Of course, if you really don’t like the con­clu­sion that util­ity is bounded, you could throw out ax­iom 7! It’s pretty in­tu­it­ive, but it’s not clear that ig­nor­ing it could ac­tu­ally get you Dutch-booked. After all, the first 6 ax­ioms are enough to handle fi­nite gambles, 7 is only needed for more gen­eral situ­ations.
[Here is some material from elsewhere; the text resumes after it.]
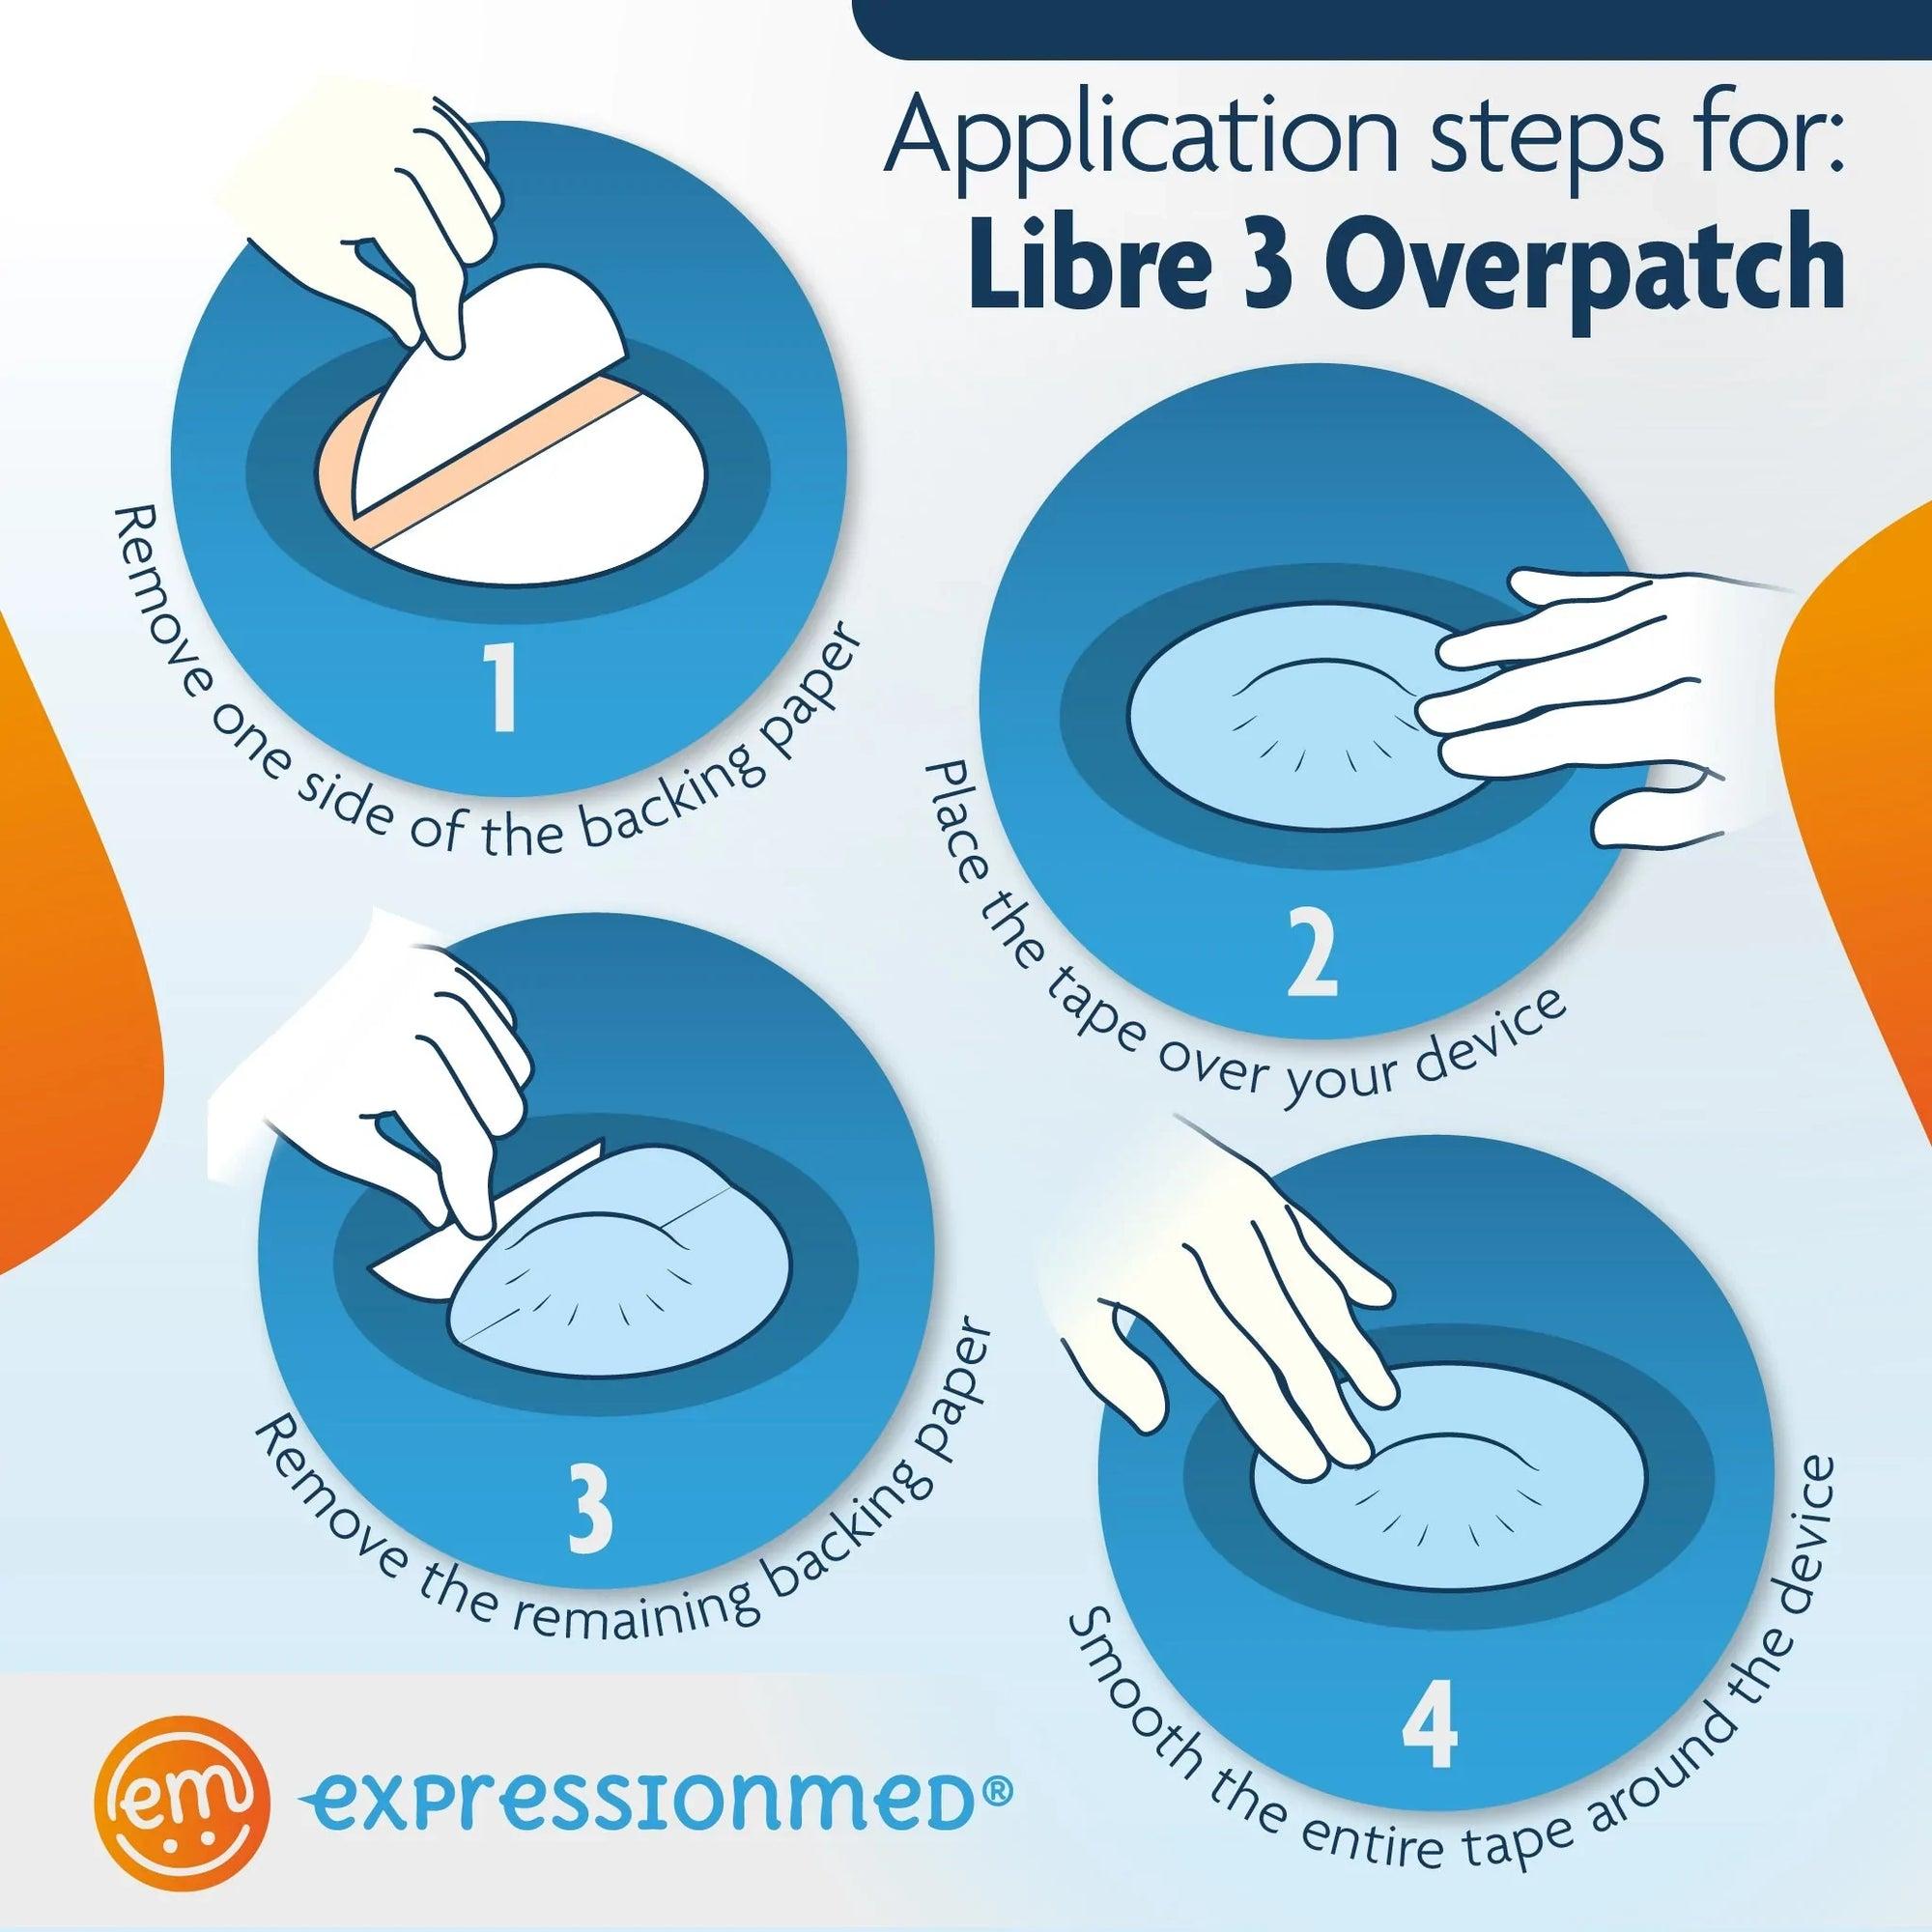 ExpressionMed Libre 3 Overpatch Application Instructions and Dimensions

So long as your Dutch bookie is lim­ited to fi­nite gambles, you don’t need this.

Ques­tions on fur­ther justification

So now that I’ve laid all this out, here’s the ques­tion I ori­gin­ally meant to ask: To what ex­tent can these ax­ioms be groun­ded in more ba­sic prin­ciples, e.g. Dutch book ar­gu­ments? It seems to me that most of these are too ba­sic for that to ap­ply—Dutch book ar­gu­ments need more work­ing in the back­ground. Still, it seems to me ax­ioms P2, P3, and P4 might plaus­ibly be groun­ded this way, though I have not yet at­temp­ted to fig­ure out how. P7 pre­sum­ably can’t, for the reas­ons noted in the pre­vi­ous sec­tion. P1 I as­sume is too ba­sic. P5 ob­vi­ously can’t (if the agent doesn’t care about any­thing, that’s its own prob­lem).
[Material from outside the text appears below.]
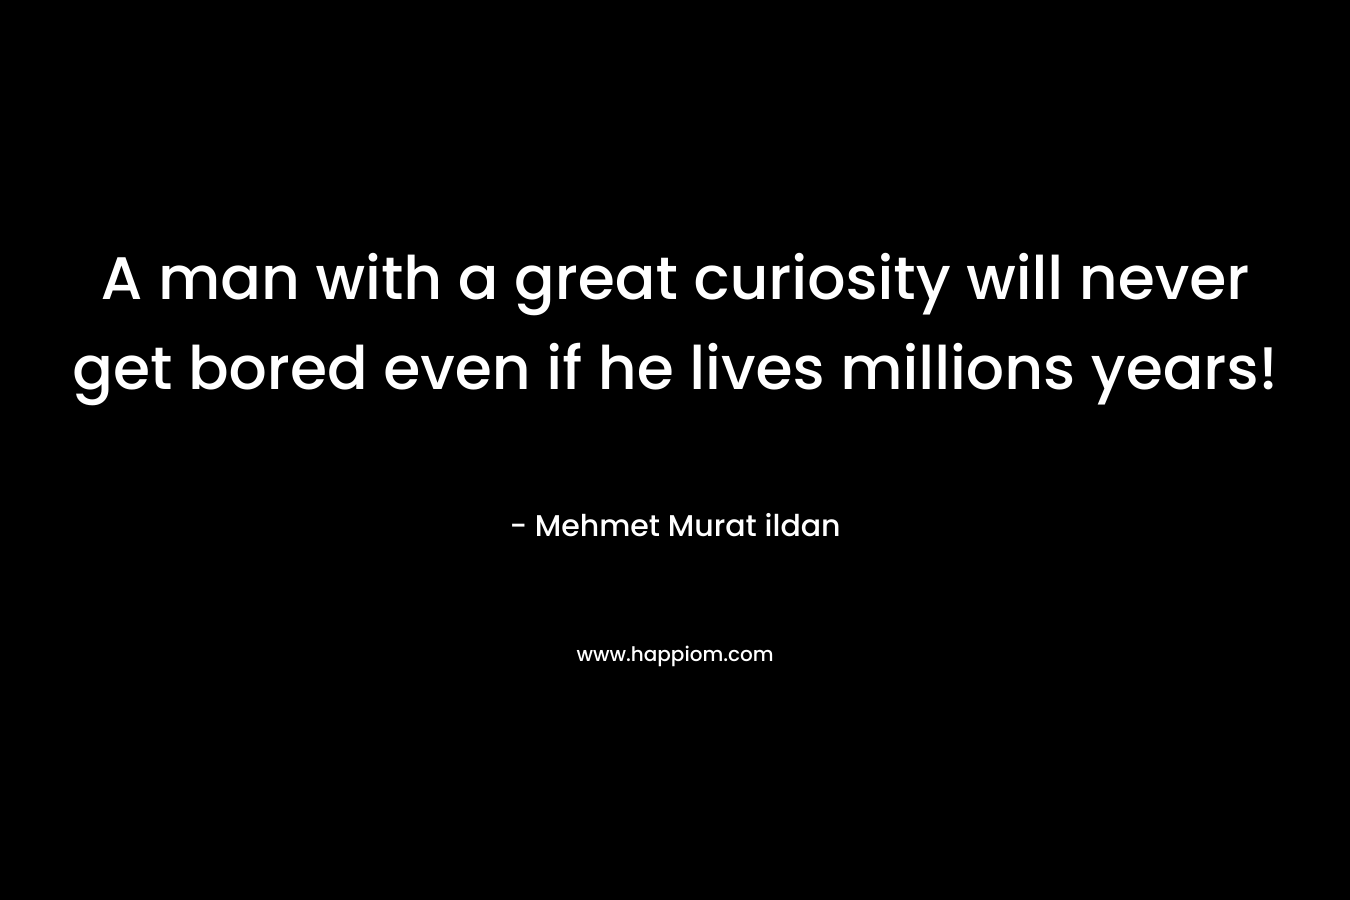 A man with a great curiosity will never get bored even if he lives millions years!

P6 is an Archimedean con­di­tion. Typ­ic­ally I’ve seen those (spe­cific­ally Von Neu­mann and Mor­gen­stern’s con­tinu­ity con­di­tion) jus­ti­fied on this site with the idea that in­fin­ites­im­als will never be rel­ev­ant in any prac­tical situ­ation—if c has only in­fin­ites­im­ally more util­ity than b, the only case when the dis­tinc­tion would be rel­ev­ant is if the prob­ab­il­it­ies of ac­com­plish­ing them were ex­actly equal, which is not real­istic. I’m guess­ing in­fin­ites­imal prob­ab­il­it­ies can prob­ably be done away with in a sim­ilar man­ner?

Or are these not good ax­ioms in the first place? You all are more fa­mil­iar with these sorts of things than me. Ideas?